The NIH role in HIV vaccines

Regarding where funding and efforts should be focused given the current limitations, Desrosiers said that the NIH has to some degree lost its way in the HIV vaccine arena. In 2007, the NIH spent $189 million on performance of HIV vaccine clinical trials, and considerable additional money went toward product development and product manufacturing.

This tactic of funding product development and testing was the result of a strategic decision to fill the void left by a lack of pharmaceutical industry efforts, Desrosiers said. “Pharma has gauged that given the current state of knowledge, a vaccine for HIV is not sufficiently feasible at the current time to warrant the dollars that it would take to try to develop one. I predict that when an HIV vaccine does become more feasible, pharma will jump on product development, product manufacturing, and clinical testing. And even if it doesn’t, that is the time that the NIH can jump in the fray and fill the void.”

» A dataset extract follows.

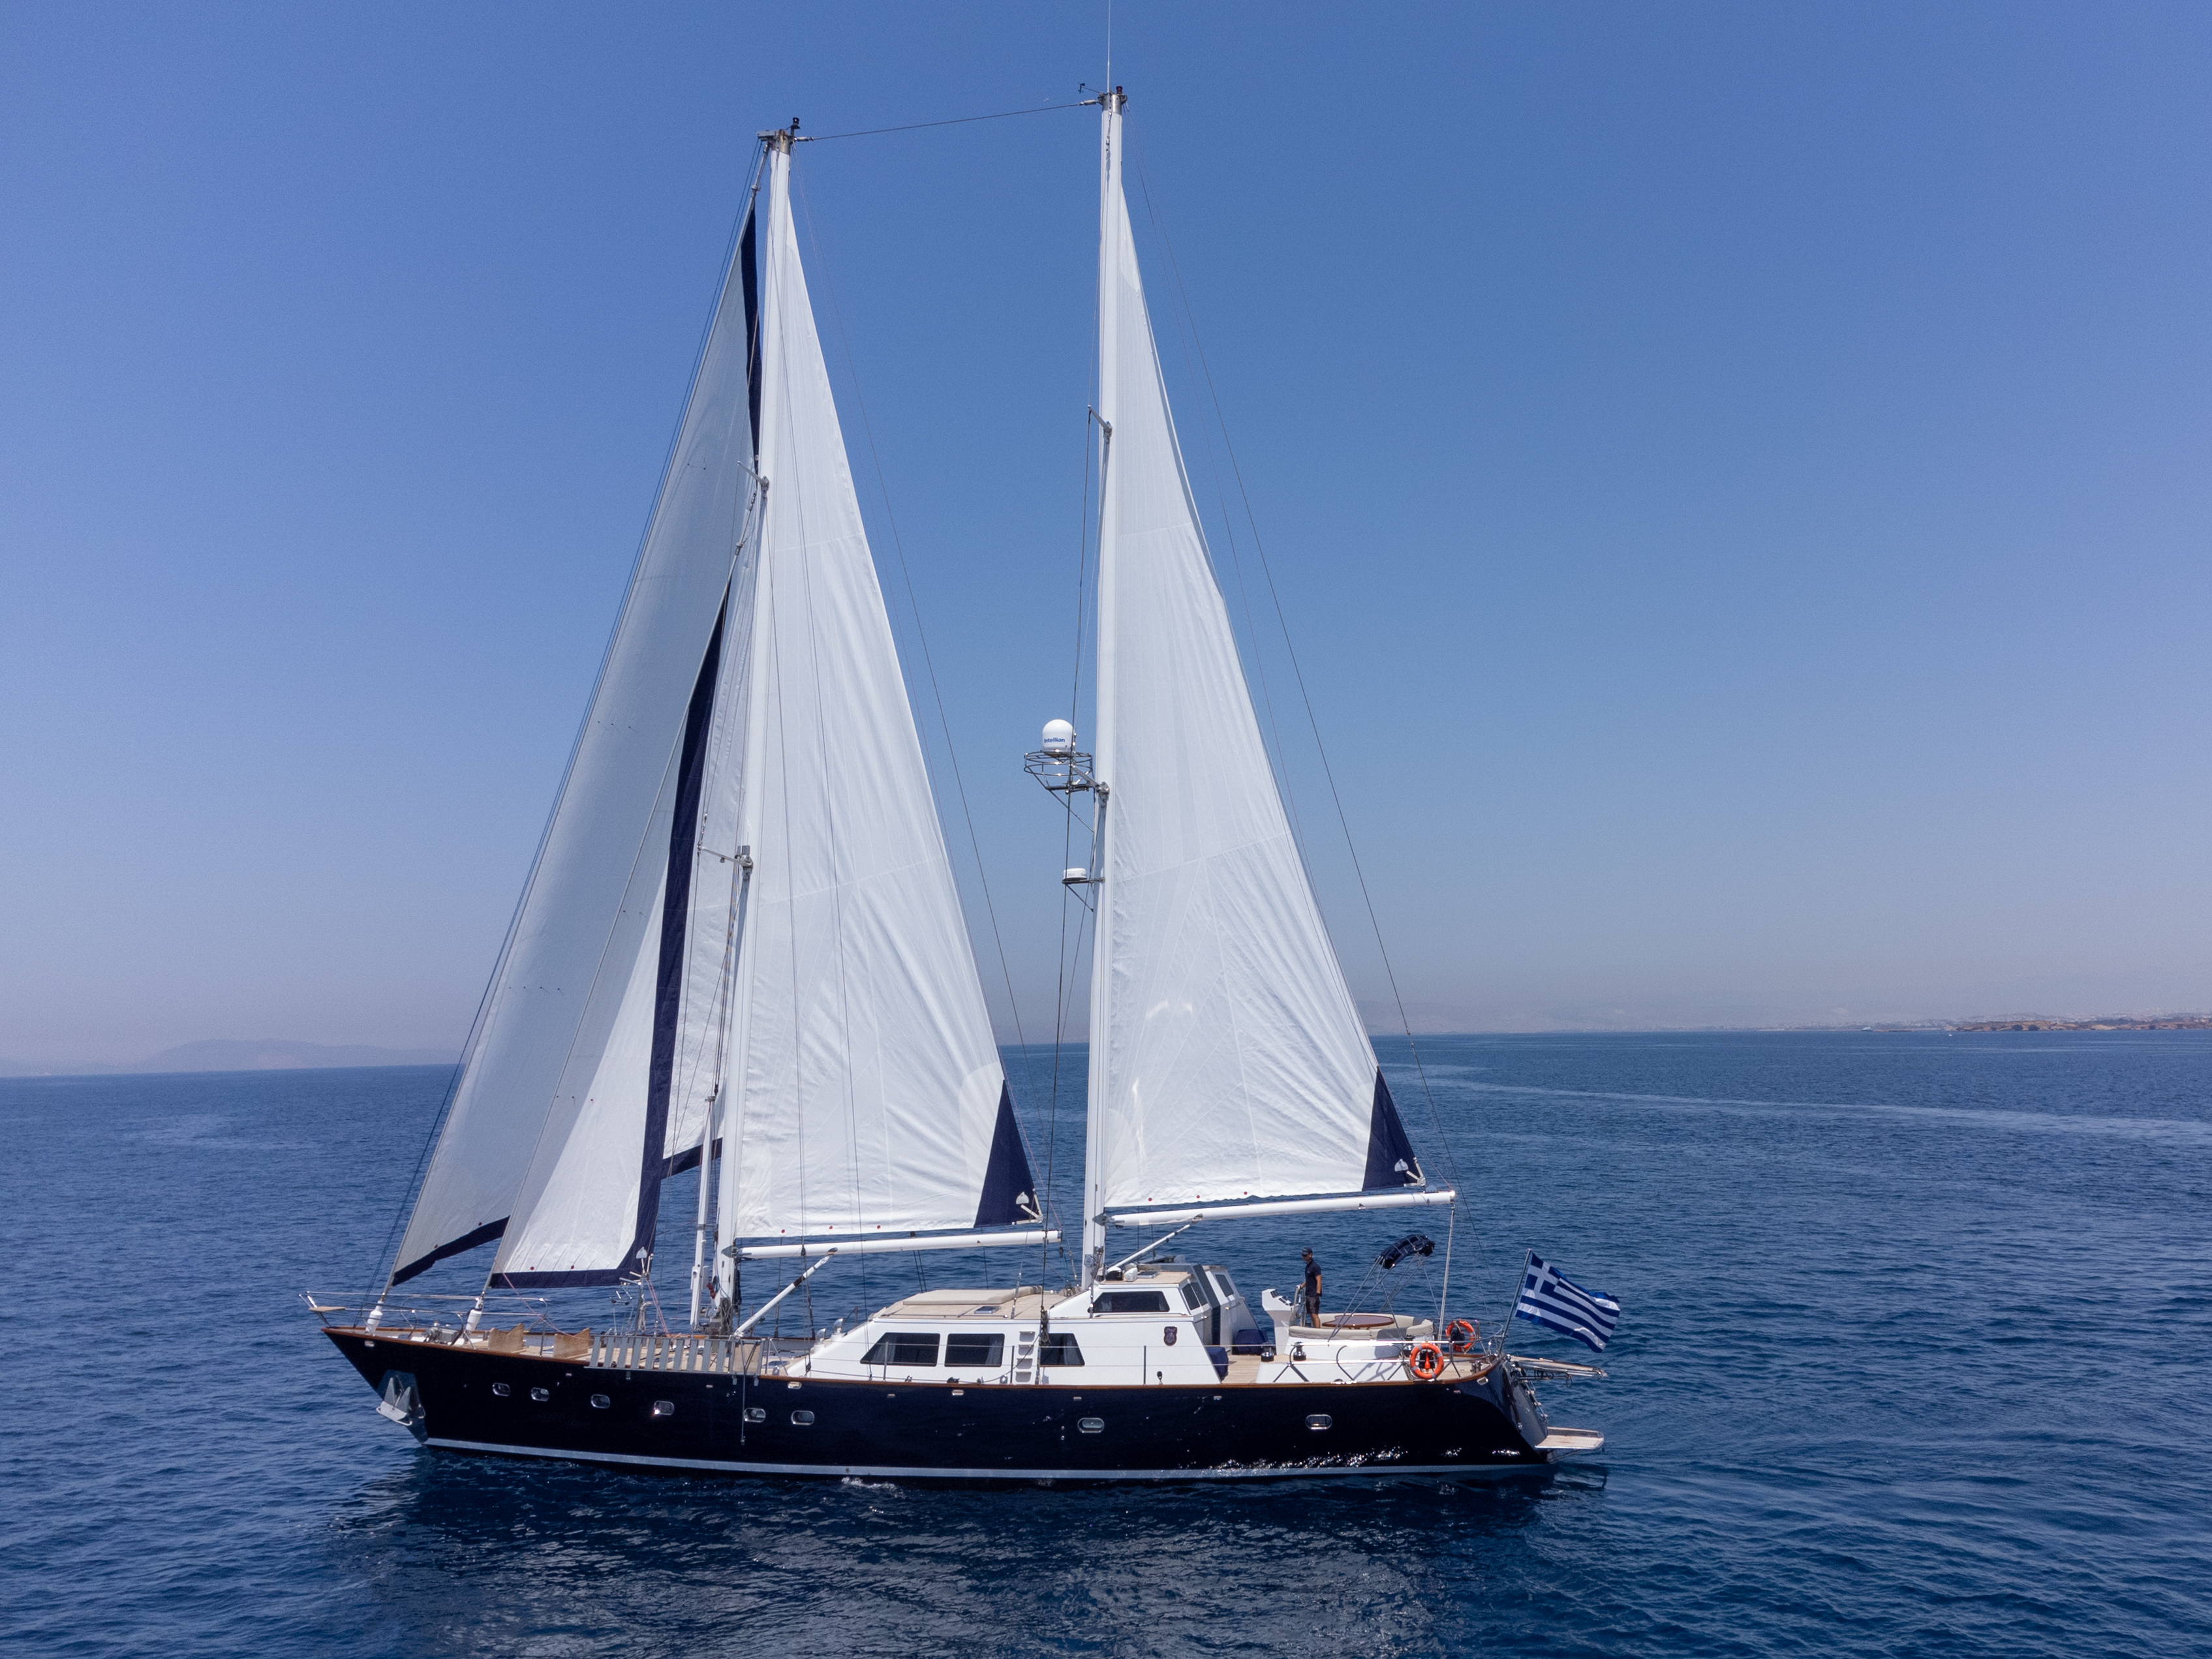 CCYD 85 - Location de Goélette dans le Monde Entier & Boat hire in Greece Athens and Saronic Gulf Athens Piraeus Marina Zea 5

If discovery research should be the primary efforts at this time, on what areas should they focus? One crucial step is to figure out how to elicit antibodies with potent broadly neutralizing activity. “It is hard for me to imagine a vaccine in the absence of neutralizing antibodies,” Desrosiers said. Some other areas on which to focus include identification of what constitutes a protective immune response, as well as research into certain monkeys that can have high viral load without getting sick; there may be some categories of human long-term non-progressors who also hold clues as to what constitutes a protective immune response.

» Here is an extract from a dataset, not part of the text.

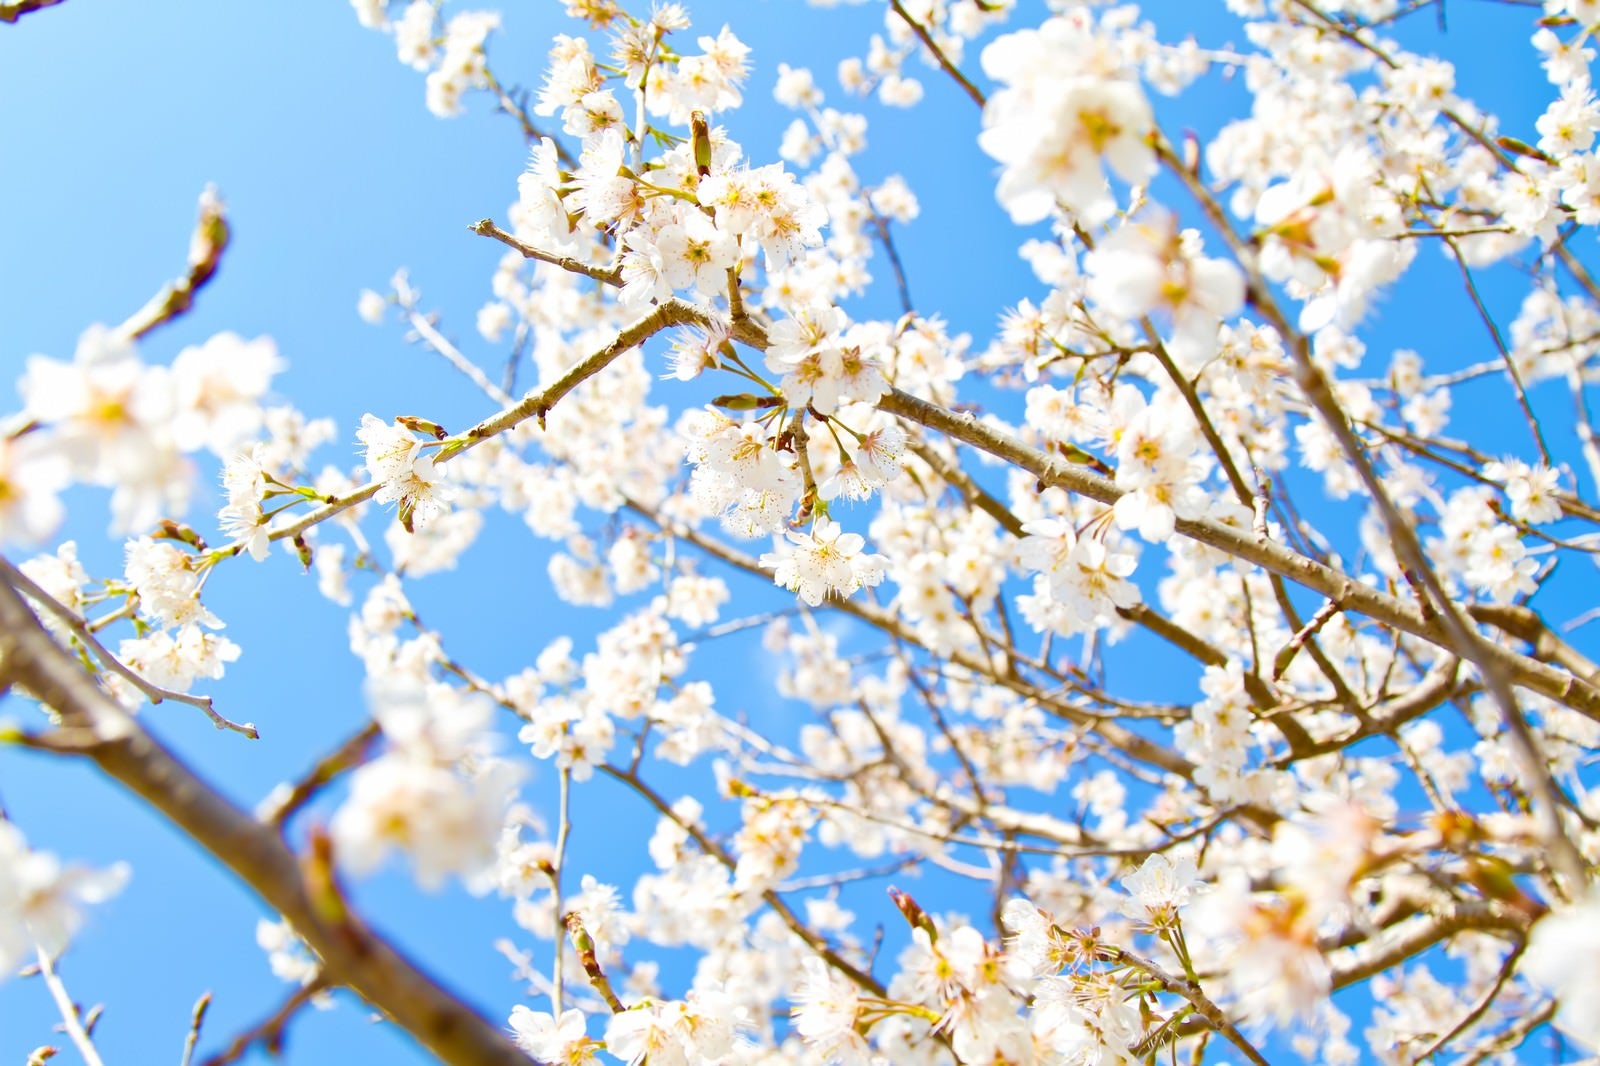 「青空と白い桜」の写真

Desrosiers said that with innovative thinking and novel ideas, progress can be made toward an HIV vaccine. “I feel strongly, however, that the discoveries and the creative ideas that are going to lead to a successful vaccine have not been made yet.” – Dave Levitan

For more information:

Desrosiers R. Scientific obstacles to an effective HIV vaccine. Presented at: The 15th Conference on Retroviruses and Opportunistic Infections; Feb. 3-6, 2008; Boston.